Ringneck pheasant berasal dari negeri tirai bambu Cina dan Tibet. Di sana ada banyak variasi pegar yang ada di habitat aslinya. Dari sekian banyak tipe pegar, yang paling cepat perkembangannya di bandingkan dengan golden pheasant/ pegar emas, silver pheasant/ pegar perak, lady amhers pheasant/ pegar lady, yellow pheasant/ pegar kuning, reeves pheasant Golden Red/ pegar reeves dan sebagian macam pegar lainnya. Disamping itu tiap tipe memiliki warna bulu yang berbeda. Untuk pejantan warnanya lebih mencolok dibandingkan betina.





Ayam Hias Ringneck Merah-

Harga Anakan Ringneck Golden Red di
Sentolo Jogja- Ayam Ringneck Pheasent







Ayam pegar kalung termasuk ayam yang bisa memakan segalanya dari macam tumbuhan maupun hewan.
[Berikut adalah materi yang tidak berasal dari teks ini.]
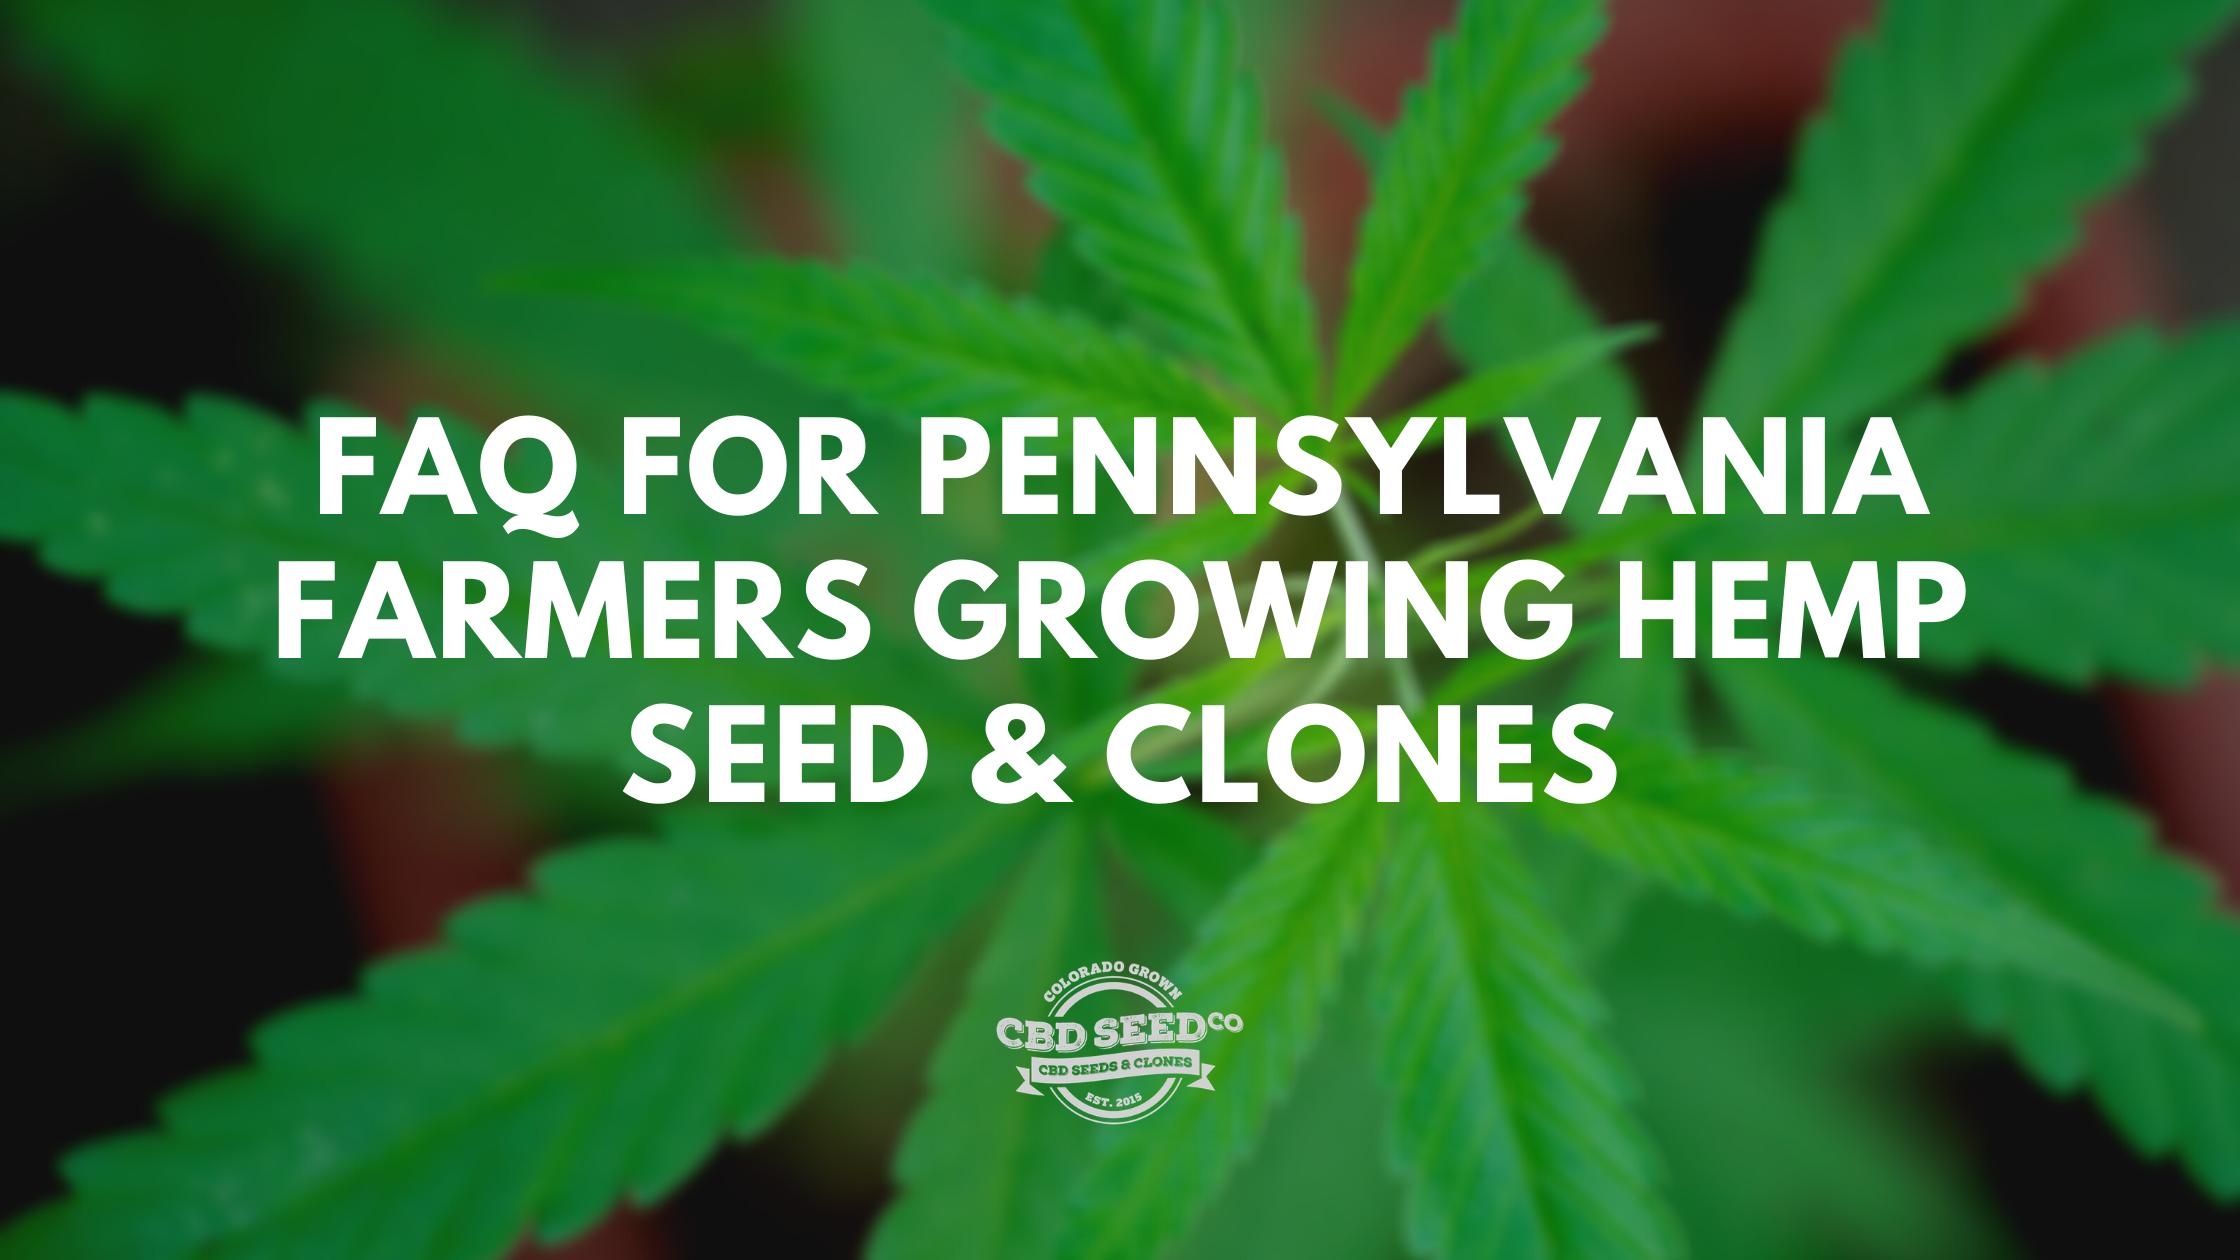 Faq For Pennsylvania Farmers Growing Hemp Seed Clones Cbd Seed Co

Mereka menyantap sejenis serangga, jangkrik, telor semut bahkan ikan yang kecil-kecil. Sementara untuk tumbuh-tumbuhan mereka bisa memakan dedaunan, buah apel yang dipotong kecil, pepaya matang dan bermacam-macam macam biji-bijian.
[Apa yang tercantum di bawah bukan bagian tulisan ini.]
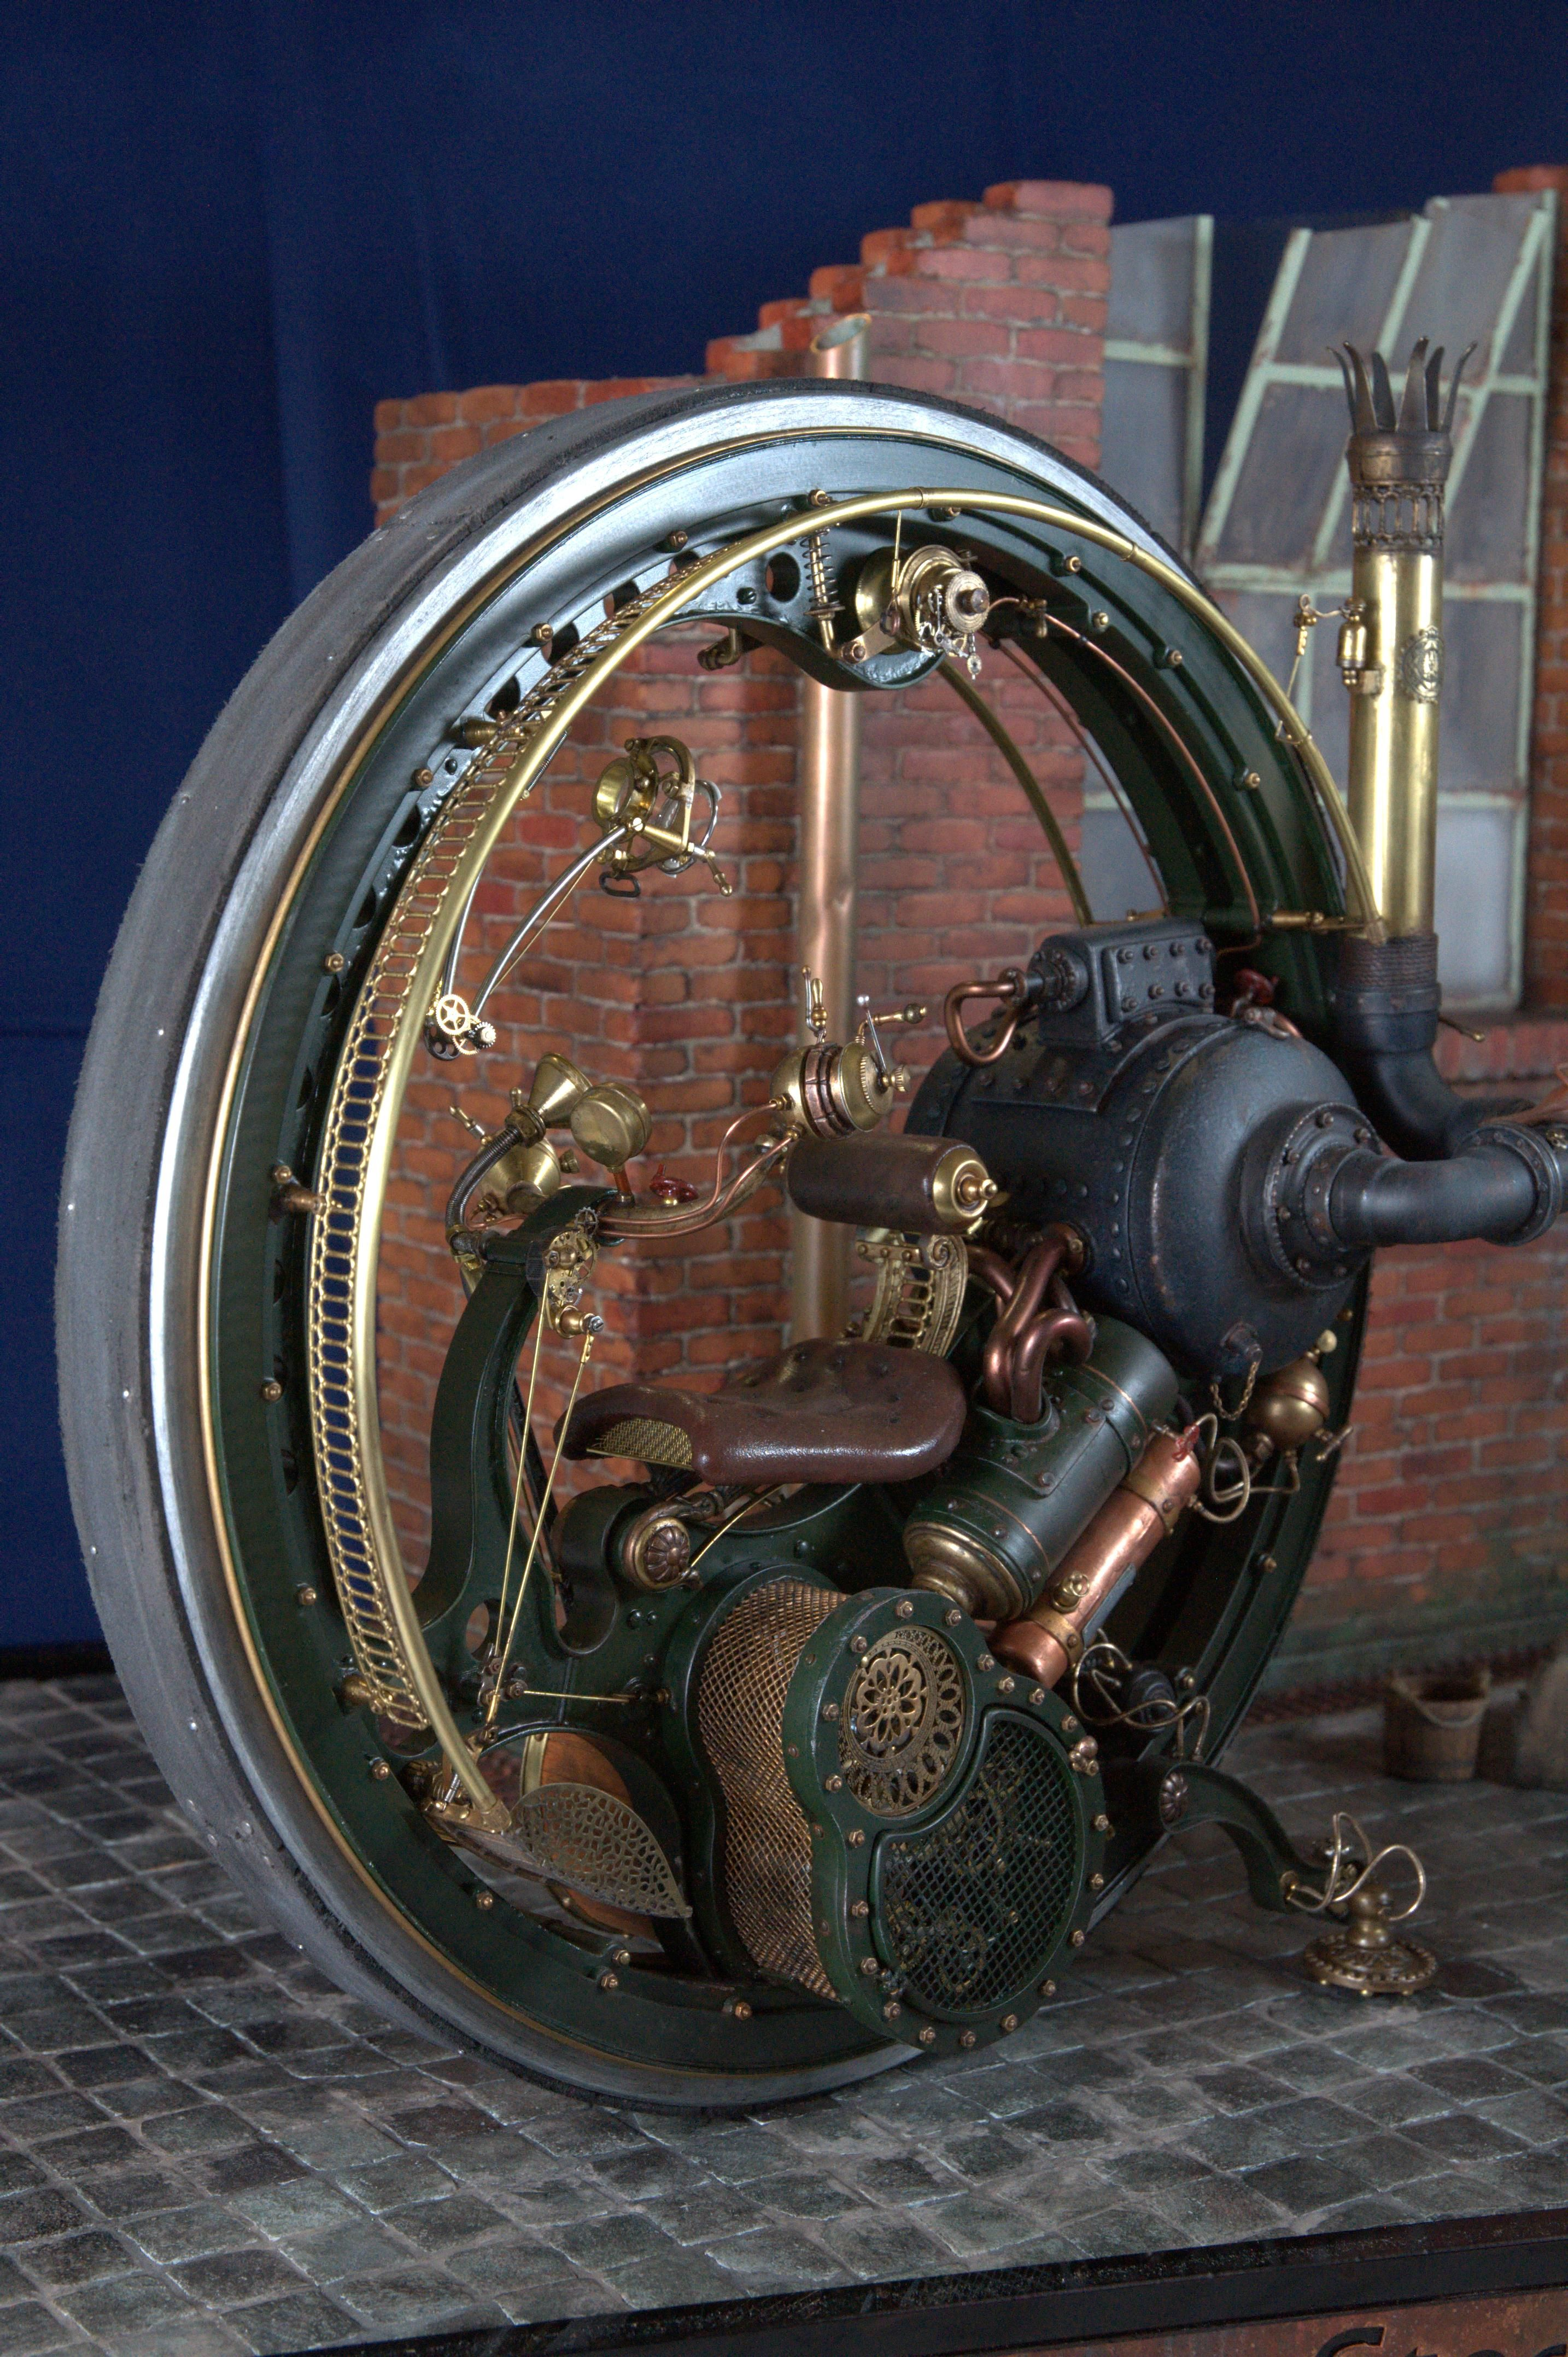 Modern Steampunk Monobike - London 1896 Awesome

Mengamati bulu mereka yang menawan kita akan membayangkan alangkah lucunya kalau mereka sedang mengasuh si kecil mereka yang masih kecil-kecil. Tapi terbukti mereka bukanlah unggas yang awam mengasuh anak-si kecil mereka. Mereka malah kurang mempunyai kecakapan dalam mengerami. Jadi pada dikala bertelor, mereka akan menyembunyikan telornya disuatu daerah yang tersembunyi dan hangat di dalam tanah serta meletakkan ranting-ranting untuk menyamarkan dari para predator yang mengganggu.

Sesudah sekitar 25 hari, telur yang via pelaksanaan pengeraman natural di dalam tanah akan mulai menetas. Anakan yang masih kecil akan memakan makanan yang ada di sekitarnya. Warna bulu pegar kalung jantan dan betina masih sama. Untuk itu susah membedakan saat mereka berumur dibawah 5 bulan. Dikala mereka berumur 5 bulan keatas, bulu jantan mulai tampak lebih jelas dibandingi warna bulu betina. Di samping warna bulunya, yang bisa membedakan jantan betinanya dengan memperhatikan perawakan tubuhnya. Pejantan lebih besar dibandingkan betina.

Ringneck pheasant mempunyai keistimewaan adalah bertelur sepanjang tahun. Berbeda dengan tipe golden, silver dan lady yang berproduksi cuma setahun sekali yakni pada musim hujan saja. Dan itu mempengaruhi harga jual dan populasi di dunia. Diantara ragam pheasant Golden Red yang perkembangannya kencang salah satunya jenis pegar kalung. Ringneck sendiri mulai masa berproduksi sesudah berumur 1 tahun lebih. Ringneck bisa berproduksi hingga usia 8 tahunan. Jadi cukup lama masa produksinya.